6 June 2018

by Lisa SMITH, Account Manager AURES UK

Have you ever wondered how card payments are processed at point of sale? Have you ever paused to think about how the interaction between your EPOS system and the Chip and PIN device works, how authorisations are managed, and what information is shared between the systems?

Or have you ever lay awake at night worrying about how you can be sure whether your payment system is PCI DSS-compliant?

Whether it’s to satisfy your curiosity or to ease your concerns, hopefully this blog will answer some of the main questions you have.

First of all, it is worth stating that the card payment process is fairly complex, so you’d be forgiven for not being completely au fait with all the ins and outs. It involves a number of different parties in every transaction, some weighty security protocols, and a good helping of digital tech magic.

Which, luckily for all of us, ensures the whole process runs automatically and glitch-free. Most of the time.

The parties involved

There are five participants involved in every card transaction, as follows:

  • The cardholder making the purchase.
  • The merchant selling the goods or services being bought.
  • The acquirer, a third party service provider who processes card payments on behalf of the merchant. The acquirer usually provides the Chip & PIN device, and is responsible for arranging the transaction’s authorisation, settlement and transfer of funds.
  • The card scheme, the organisation which provides the credit or debit service according to specified card scheme rules. Visa, MasterCard and American Express are all examples of card scheme operators.
  • The issuer, the bank or building society which provides the card to the cardholder, and is responsible for releasing funds once a purchase is authorised.

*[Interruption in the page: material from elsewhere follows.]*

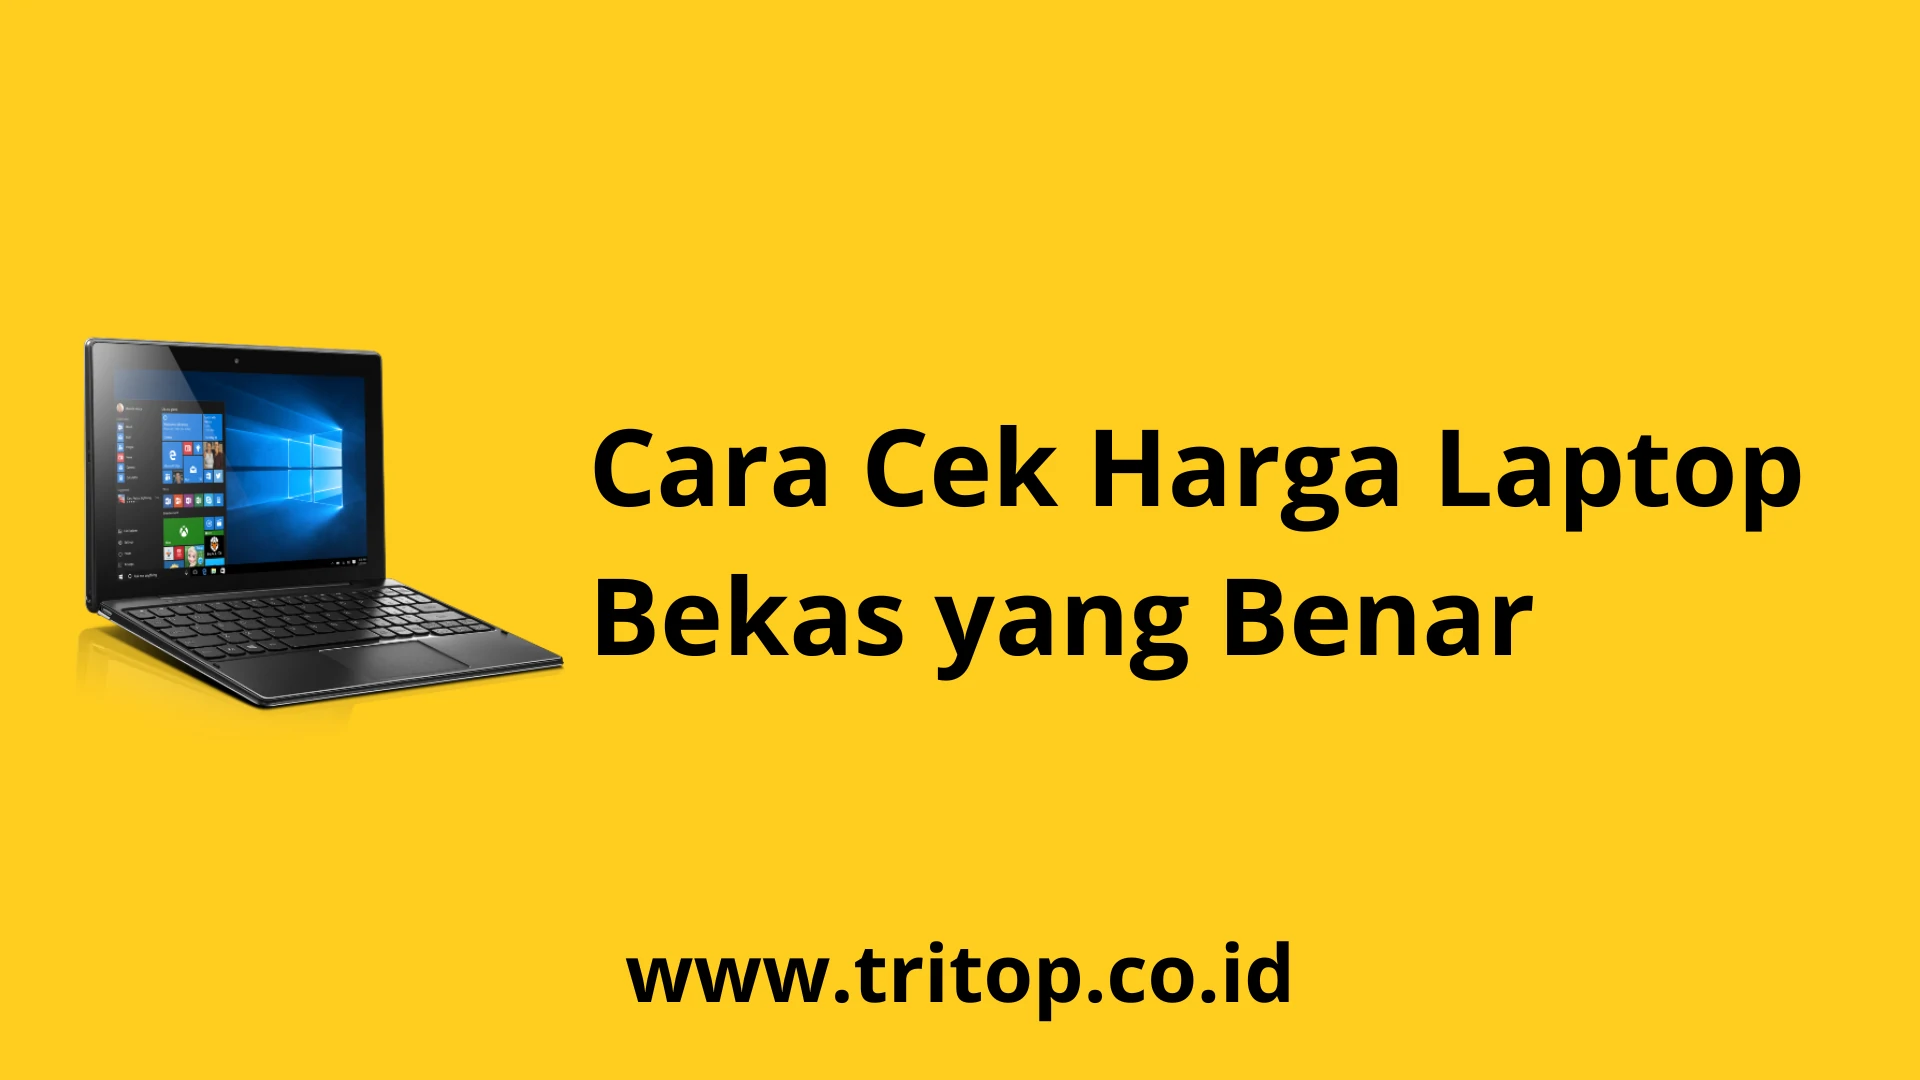 Cek Harga Laptop Bekas www.tritop.co.id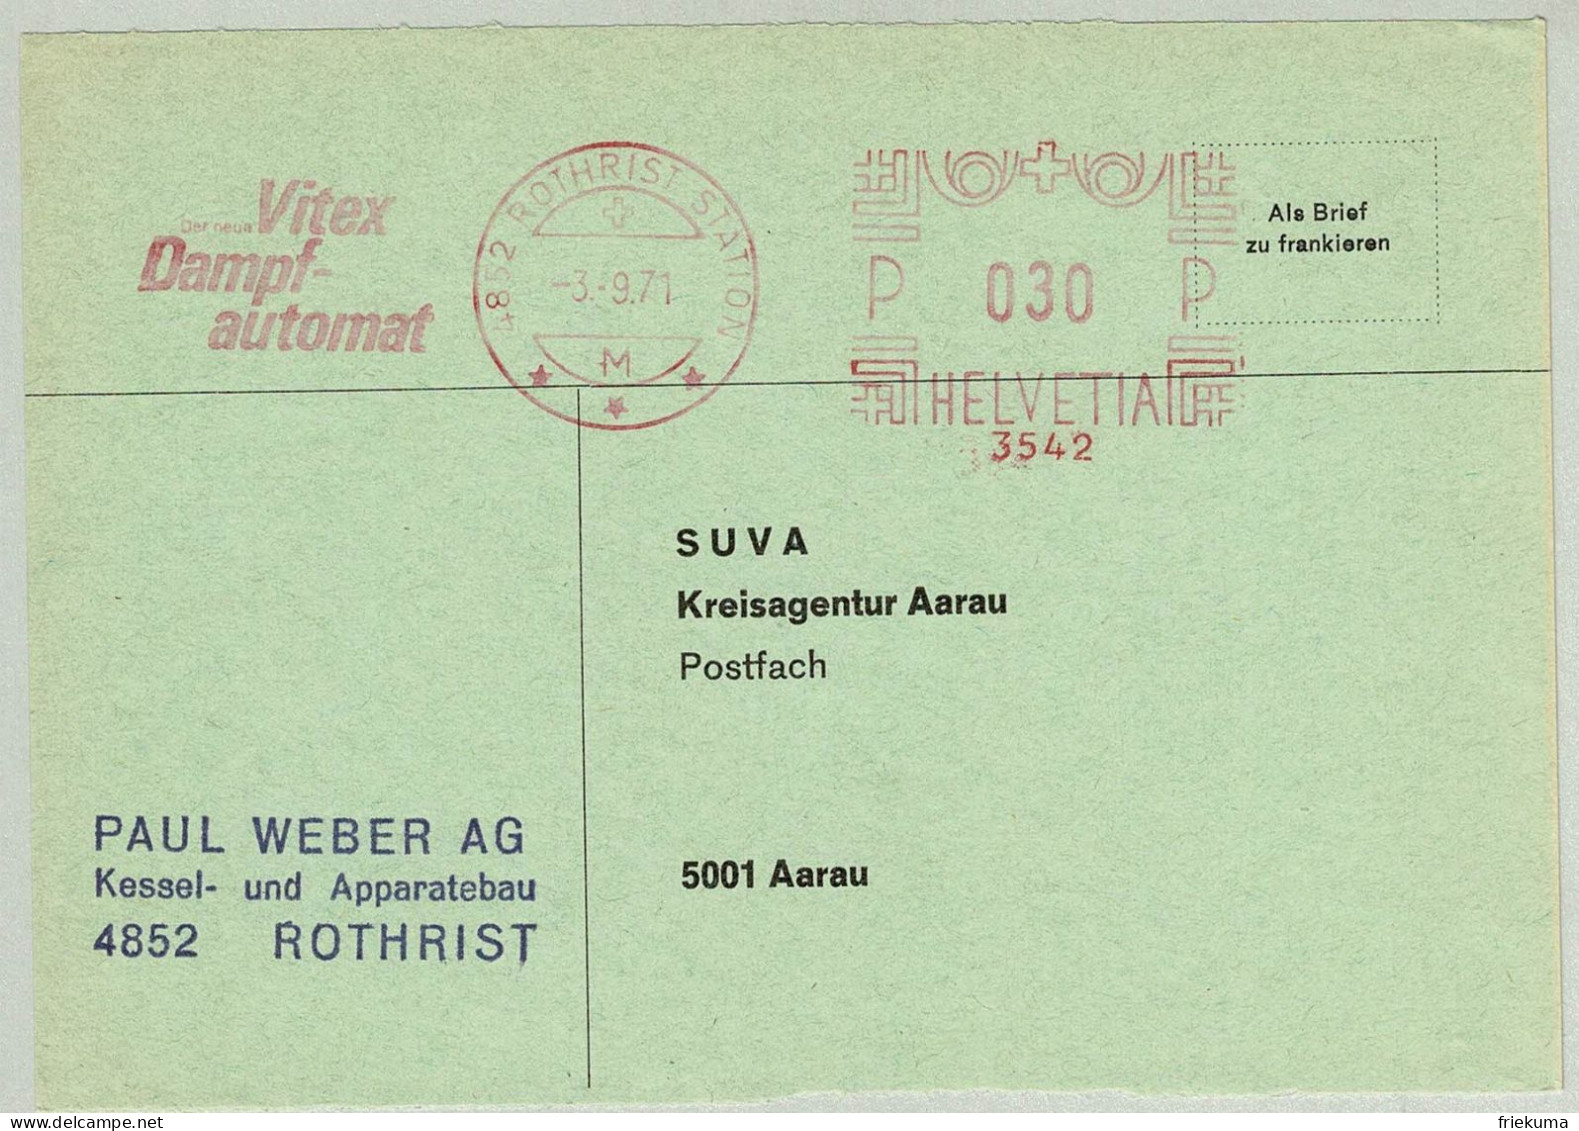 Schweiz / Helvetia 1971, Briefausschnitt Freistempel / EMA / Meterstamp Weber AG Rothrist - Aarau, Dampfautomat - Agua

Some card scheme operators, for example American Express, also act as acquirers and issuers, requiring both cardholder and merchants to have a direct relationship with them.

The card payment cycle

The easiest way to understand the card payment process is as a 10-step cycle which starts with the cardholder presenting a card and ends with them receiving a receipt to say the transaction has been completed. It looks something like this:

  • 1. The customer indicates that they wish to pay by card at point of sale.
  • 2. The merchant initiates the payment process on the Chip & PIN device, which includes inputting how much is due to be paid.
  • 3. The customer inserts their card, or presents it for contactless payment.
  • 4. Information about the transaction, including the amount owed, is sent to the acquirer.
  • 5. The acquirer issues an authorisation request to the card scheme.
  • 6. The authorisation request is forwarded to the card issuer.
  • 7. The decision to accept or decline the authorisation request is sent back from the cardholder’s bank to the card scheme.
  • 8. The card scheme forwards this decision to the acquirer.
  • 9. The acquirer passes it on to the merchant.
  • 10. If the payment has been accepted by the cardholder’s bank, the merchant completes the transaction and prints a receipt for the customer.

The role of EPOS

In practice, so many of these steps are automated nowadays that they all seem to blend seamlessly into one another. We all know from experience that the whole process from presenting our card (step 3) to payment being authorised and the transaction being completed takes mere seconds. Nonetheless, this is the process every card transaction goes through.

Modern EPOS systems also mean most cycles are automated from step 2 onwards. Once the merchant has scanned or input items / prices and the customer says they want to pay by card, the merchant simply selects card payment on their EPOS screen and lets technology do the rest.

The EPOS will communicate with the Chip and PIN device to send it the total owed and initiate the process. Similarly, the Chip & Pin device will tell the EPOS system the outcome of the transaction so the back office system can be updated.

If you are wondering about PCI DSS compliance in all of this – the international regulatory standard which governs security of card transactions – then that is all automated within the system, too.

All payment details, i.e. the cardholder’s account numbers, card numbers, PINs and name, are encrypted at the Chip & Pin device. Only the card issuer – the customer’s bank or building society – has access to the encryption key to validate these details. All other parties simply pass on requests, apart from when the acquirer arranges transfer of funds to their client, the merchant.

But the principle is, no one sees the private card details of the customer apart from their own bank or building society.

Similarly, no data about the payment details are communicated with the EPOS system.